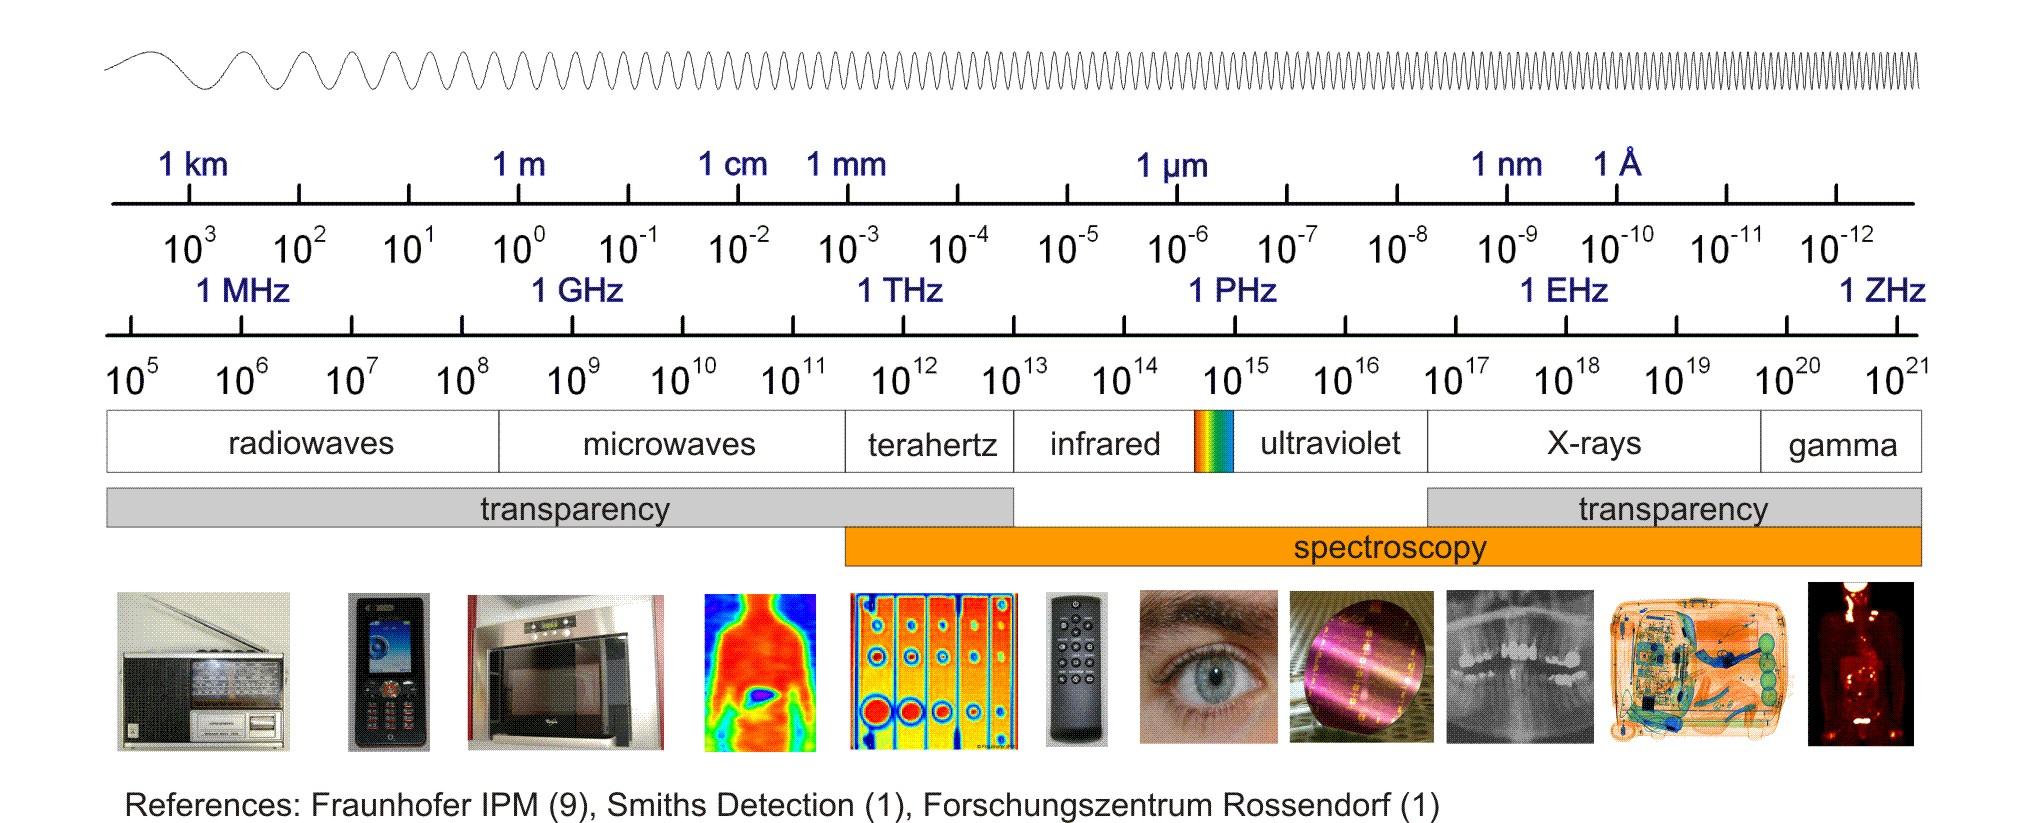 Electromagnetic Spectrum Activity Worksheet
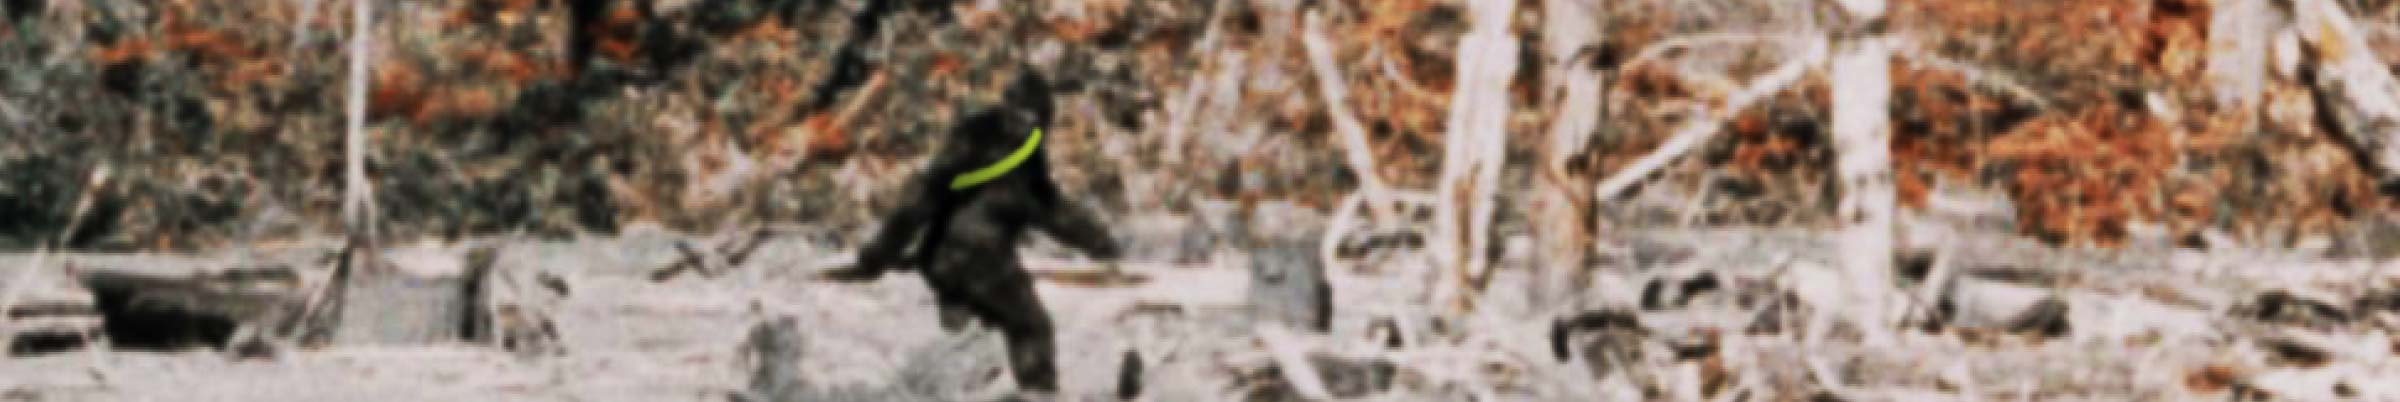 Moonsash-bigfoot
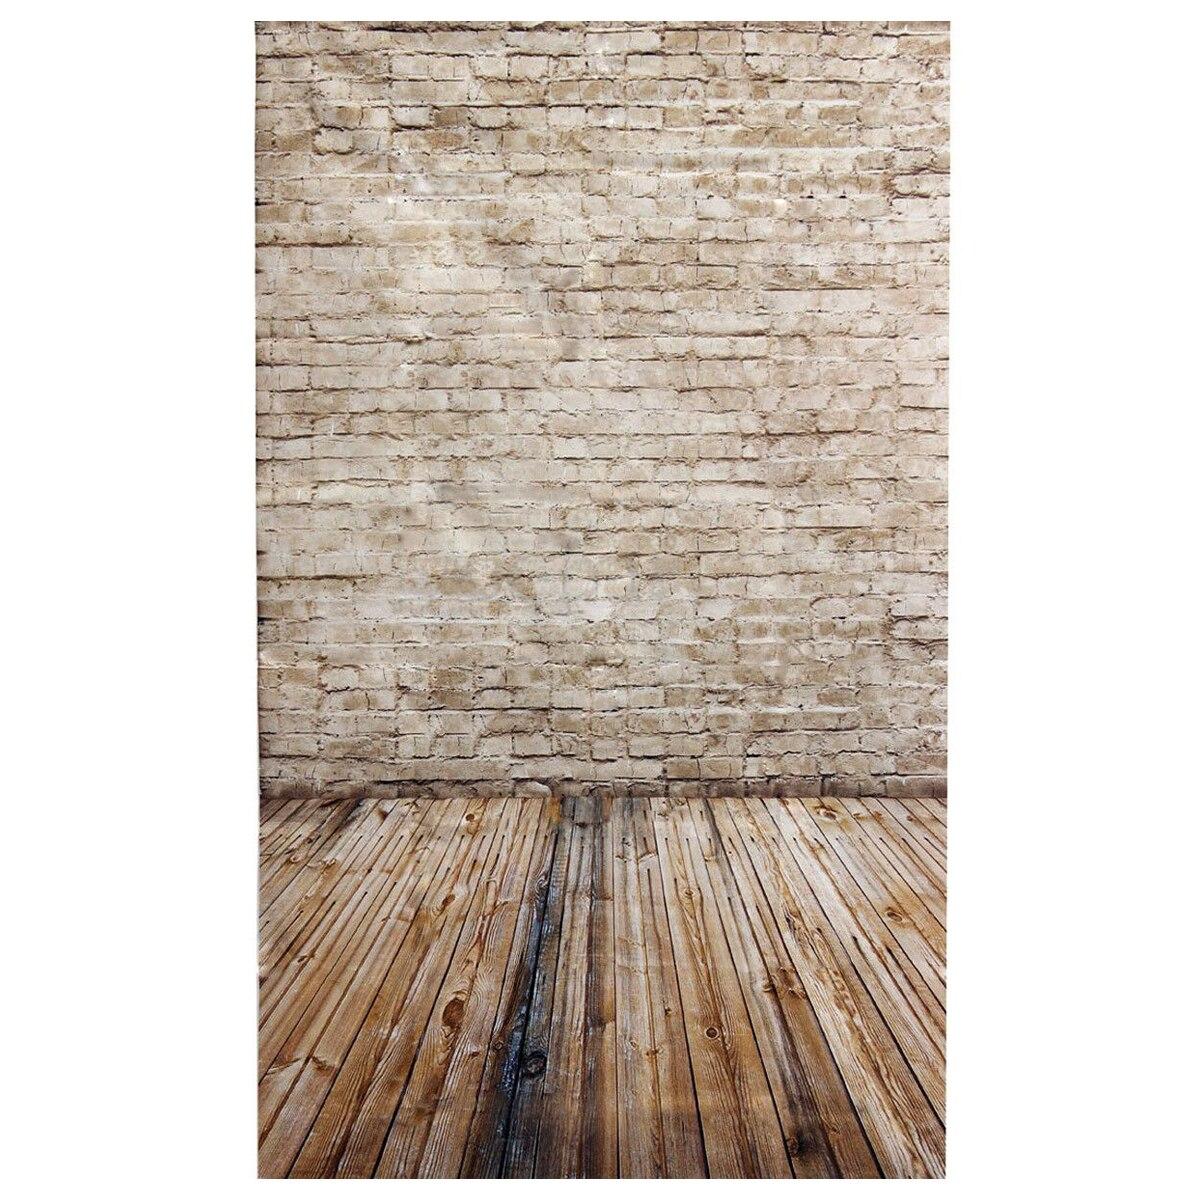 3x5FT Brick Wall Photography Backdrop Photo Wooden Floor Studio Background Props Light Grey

◆ Task objective ◆
Output the complete listing exactly. Pictures stay out.

◆ Task output ◆
 Electromagnetic Spectrum Activity Worksheet
 Moonsash-bigfoot
 3x5FT Brick Wall Photography Backdrop Photo Wooden Floor Studio Background Props Light Grey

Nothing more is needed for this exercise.